::: Information provided :::
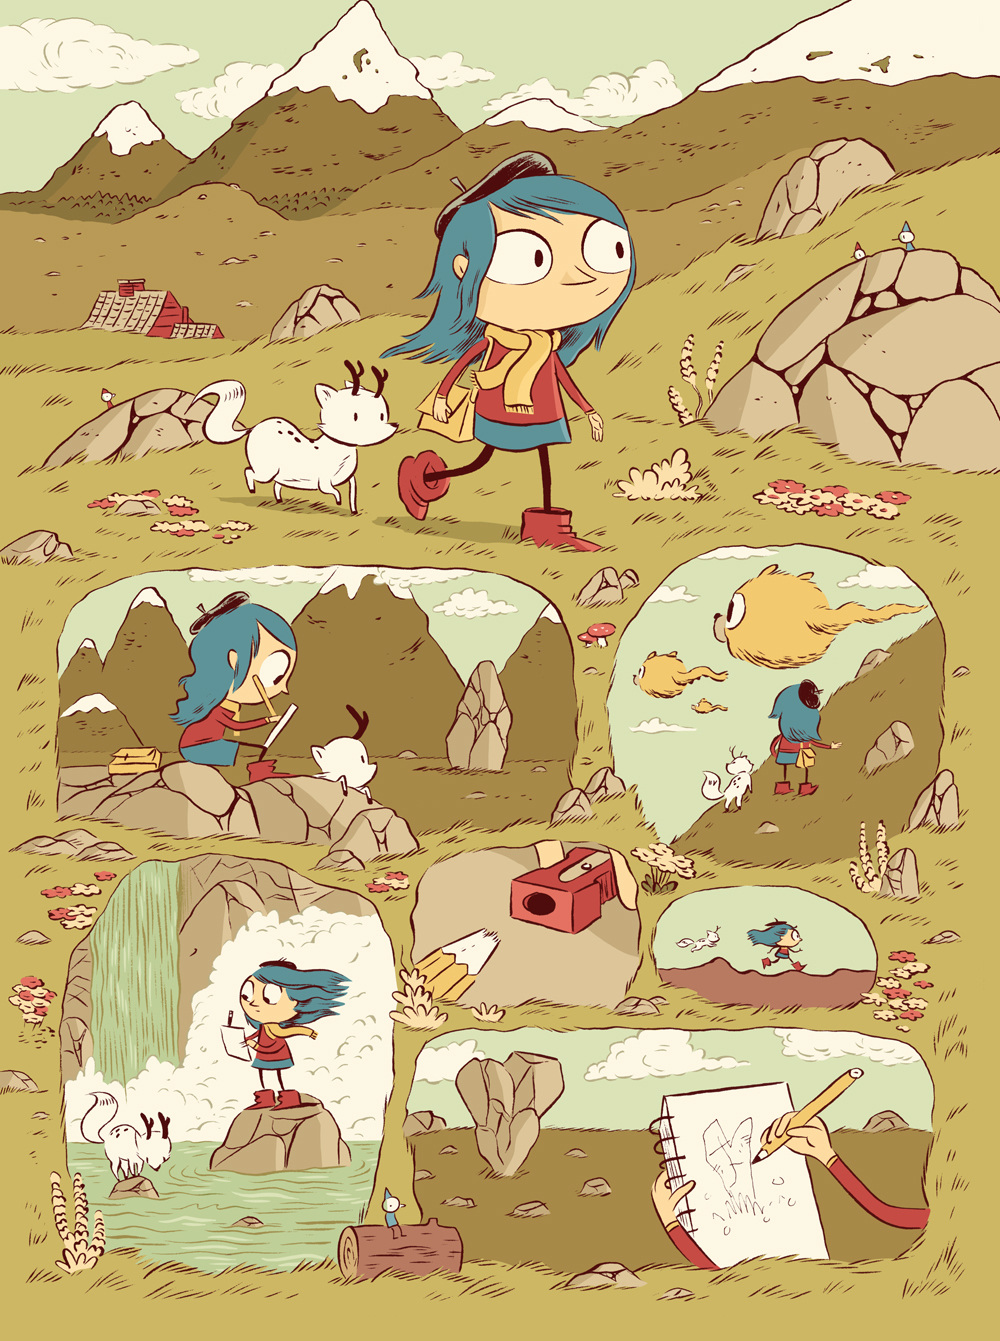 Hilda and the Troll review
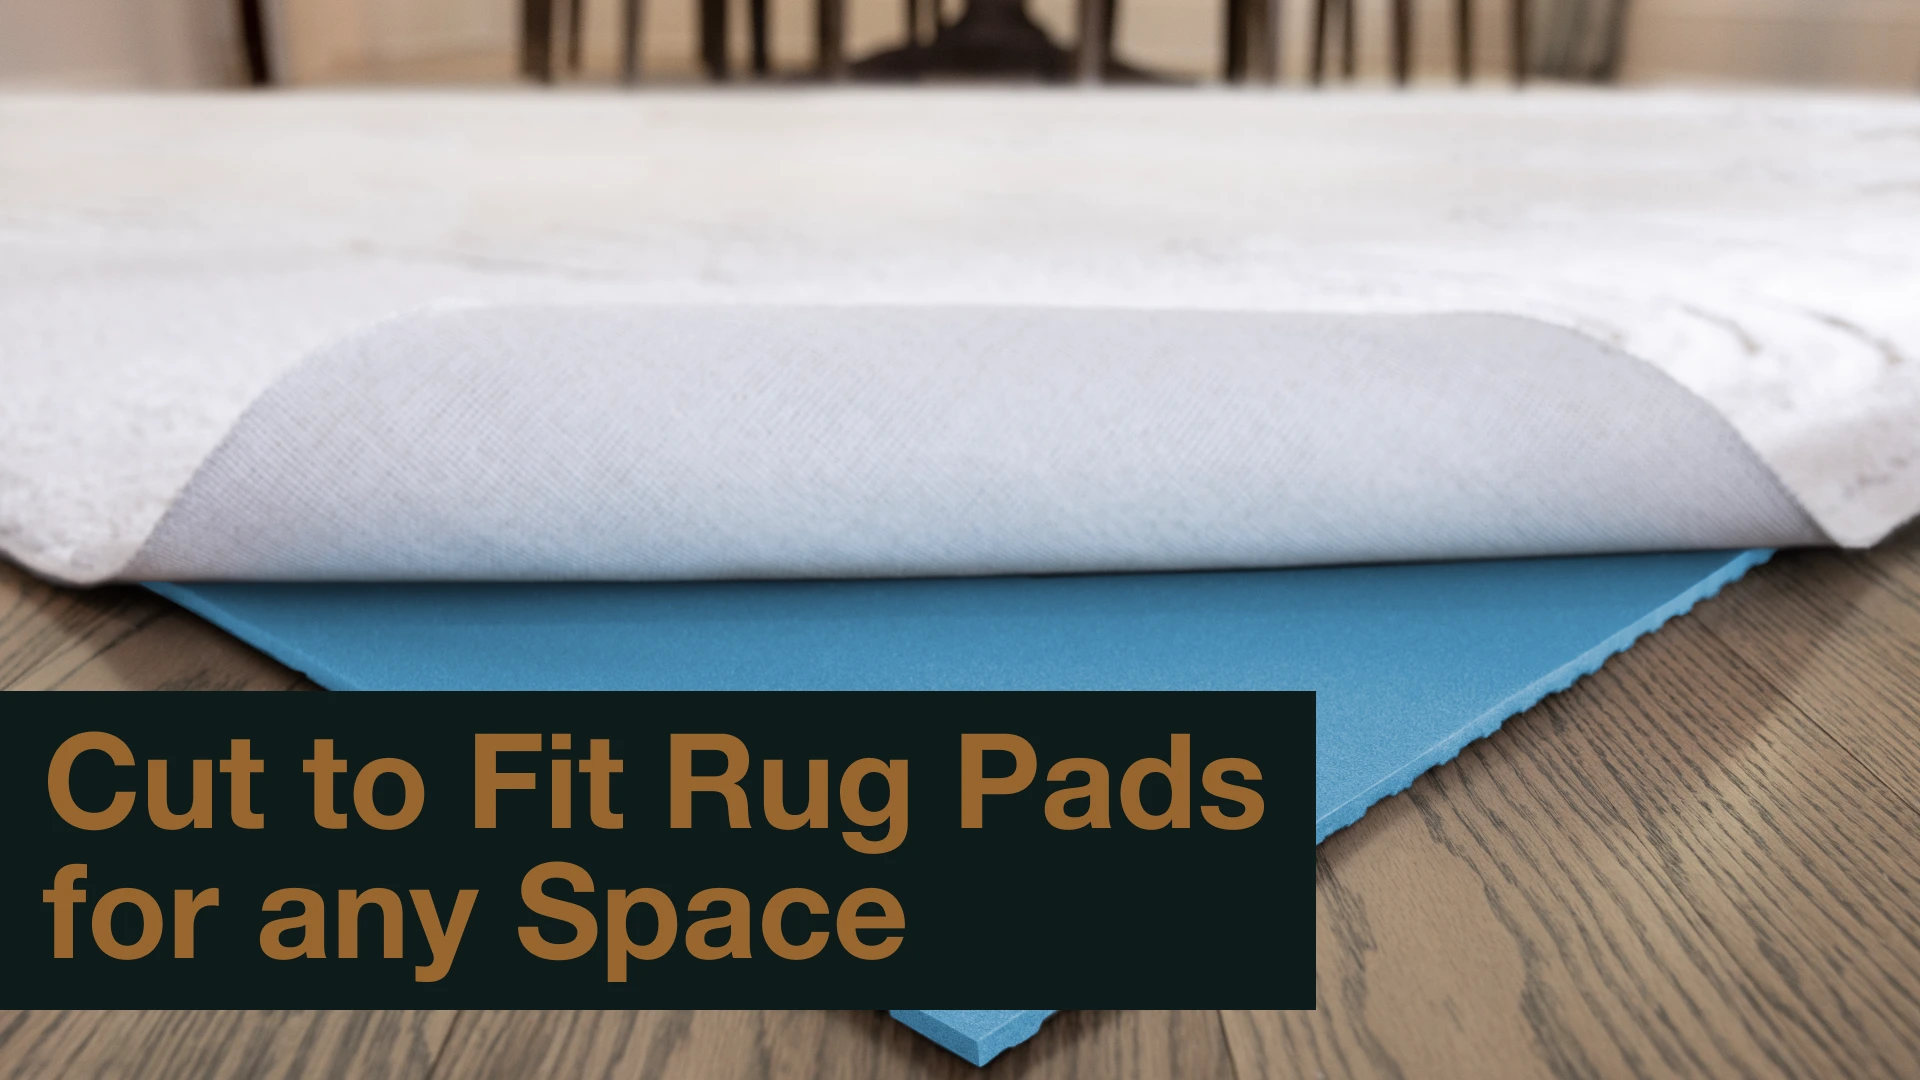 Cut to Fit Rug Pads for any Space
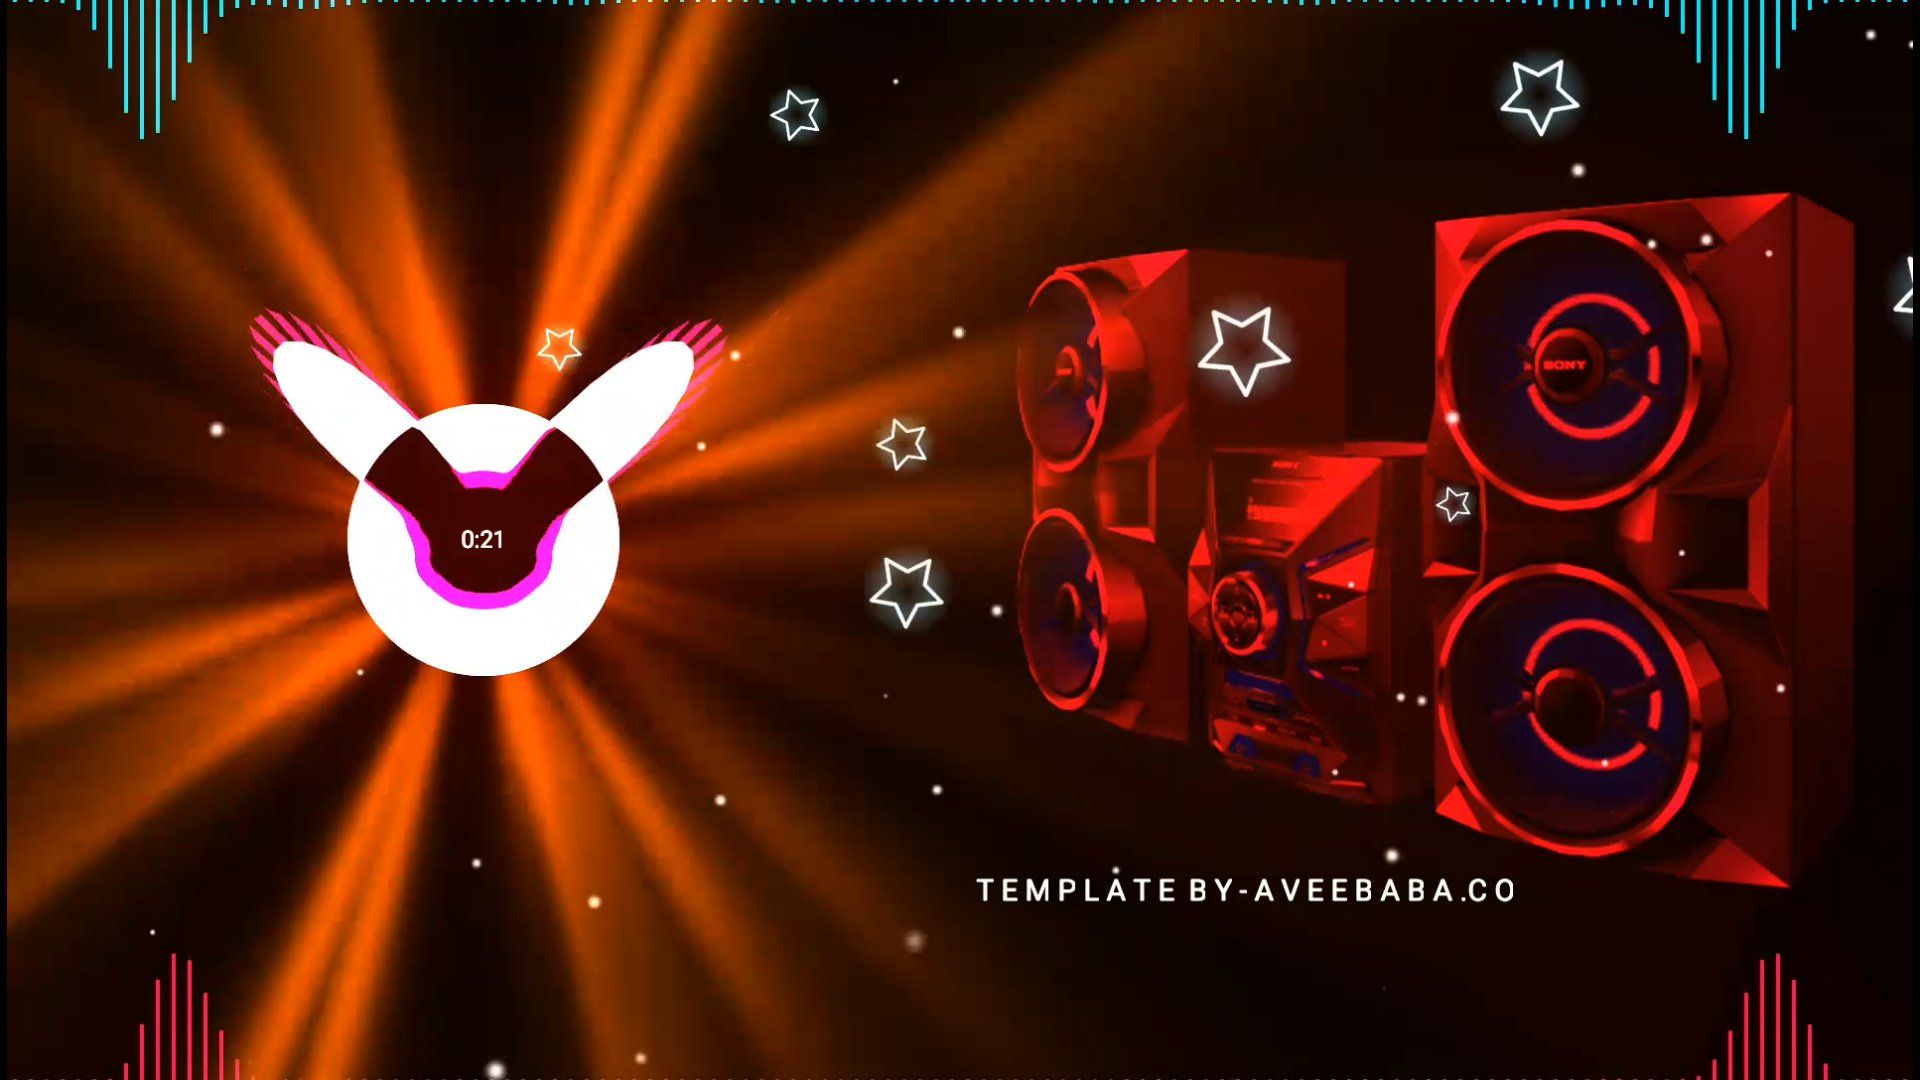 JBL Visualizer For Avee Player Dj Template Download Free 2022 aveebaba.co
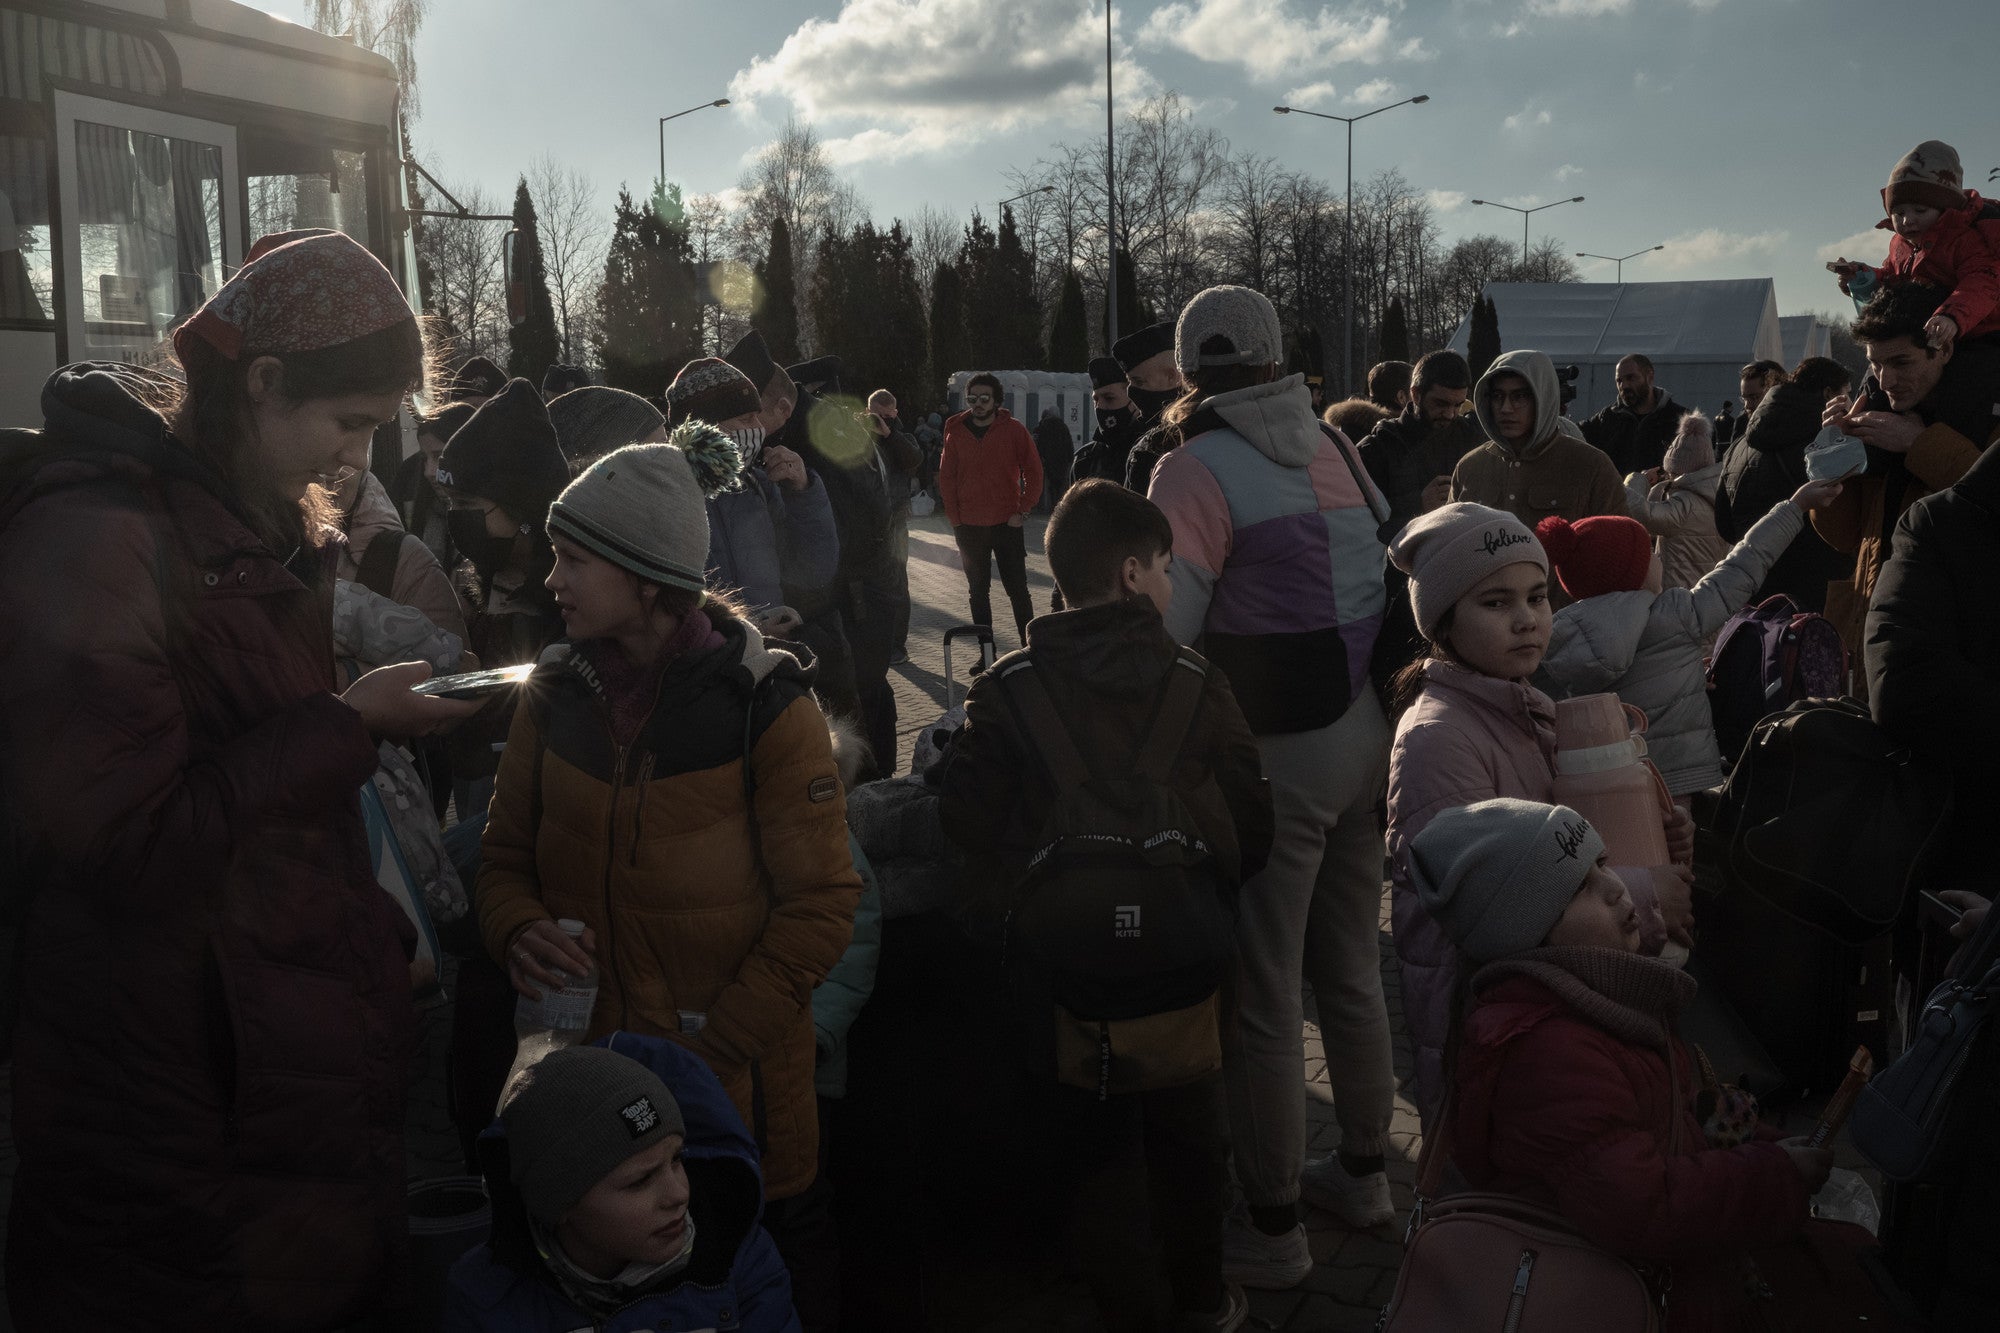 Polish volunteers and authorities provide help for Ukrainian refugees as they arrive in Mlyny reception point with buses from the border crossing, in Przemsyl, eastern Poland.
:::
**Task details:** Go through the material and set it down again exactly, but without any pictures.

**Answer for the task:**
 Hilda and the Troll review
 Cut to Fit Rug Pads for any Space
 JBL Visualizer For Avee Player Dj Template Download Free 2022 aveebaba.co
 Polish volunteers and authorities provide help for Ukrainian refugees as they arrive in Mlyny reception point with buses from the border crossing, in Przemsyl, eastern Poland.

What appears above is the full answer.